Selon T 1647/15, conformément à la jurisprudence des chambres de recours et comme mentionné dans la décision T 142/97 (voir point 2 des motifs), une instance appelée à statuer doit s'assurer de la pertinence des mesures d'instruction demandées avant de les ordonner ou de les refuser. Dès lors que les caractéristiques pertinentes des machines faisant l'objet de l'usage antérieur étaient discutables et étaient encore contestées, la requête des opposants tendant à conserver les preuves, par exemple en procédant à l'audition des témoins proposée par les opposants ou par l'inspection de la machine conformément à l'art. 117(1)(f) CBE, ne pouvait pas être rejetée sans motifs. Ainsi, dans l'affaire T 1647/15, la division d'opposition a rejeté les mesures d'instruction demandées sur la base de simples suppositions, sans chercher réellement à en évaluer la pertinence. C'est seulement si la division d'opposition en avait su assez sur l'offre de preuve pour juger qu’elle n'était pas pertinente que cela aurait justifié de rejeter cette offre. Étant donné que la division d'opposition n'a pas fait droit à la requête en inspection sur cette question, le droit d'être entendu a été enfreint. Ce refus de prendre en considération les moyens de preuve présentés en temps utile constitue une violation des droits fondamentaux d'une partie de choisir librement ses moyens de preuve et d'être entendue (art. 117(1) et 113(1) CBE).

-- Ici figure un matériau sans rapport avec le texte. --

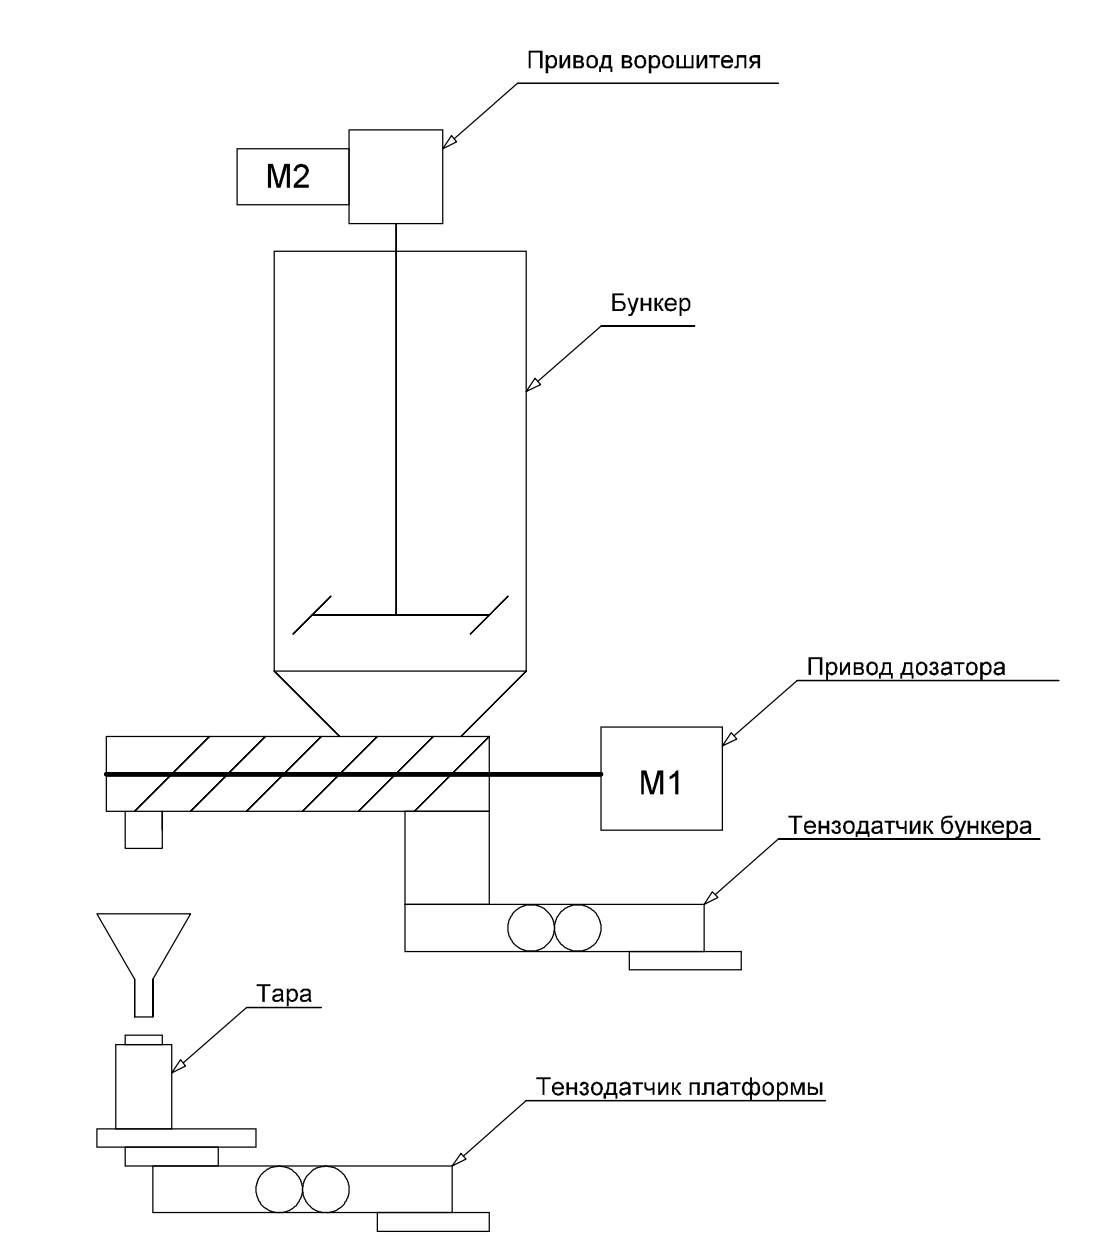 Структурная схема дозатора

Dans l'affaire T 1872/08, la chambre a décidé que la division d'opposition, en n'admettant pas dans la procédure les essais comparatifs supplémentaires proposés par le titulaire du brevet, n'avait pas pris en compte qu'elle avait jugé indispensable la communication d'autres données comparatives pour lever ses objections relatives à l'activité inventive. La division d'opposition avait ce faisant privé le titulaire du brevet de la possibilité de défendre sa cause de manière efficace. Voir aussi T 2294/12 à propos du rejet par une division d'examen de tests comparatifs.

Bien qu'il soit de jurisprudence constante que les observations de tiers (et les preuves jointes) peuvent être prises en considération, en première instance comme dans la procédure de recours, la chambre n'a aucune obligation au-delà de cette prise en considération et les tiers n'ont aucun droit à être entendus (T 390/07). Un tiers ne jouit en principe d'aucun des droits procéduraux attachés à la qualité de partie à la procédure, tel que le droit d'être entendu (T 1756/11). A l'inverse, une partie à la procédure peut formuler à tout moment des observations sur tout nouveau fait et moyen de preuve invoqués dans des observations de tiers présentées après l'expiration du délai d'opposition, lorsqu'elle considère que ceux-ci pourraient être décisifs (T 1756/11 ; voir aussi le chapitre III.N. "Observations présentés par des tiers").

Sur le cas d'une décision prononcée à l'encontre d'une partie absente à une procédure orale à laquelle elle a été régulièrement citée, la Grande chambre de recours dans l'affaire G 4/92 a posé comme principe que des moyens de preuve nouveaux ne peuvent être pris en considération que s'ils ont été préalablement annoncés et ne font que confirmer les allégations de la partie qui les invoque tandis que les arguments nouveaux peuvent être, en principe, retenus dans la motivation de la décision (G 4/92, JO 1994, 149, sommaire 2). Voir sur cette question d'une partie absente à la procédure orale le chapitre III.C.5.

Dans l'affaire R 21/09, la partie alléguait une violation des droits de la défense et reprochait à la chambre de recours de n'avoir pas permis un nouveau débat sur l'ensemble des documents soumis aux juridictions anglaises. La Grande Chambre n'a finalement pas fait droit à la requête en révision.

Voir aussi le chapitre III.B.1. "Droit d'être entendu".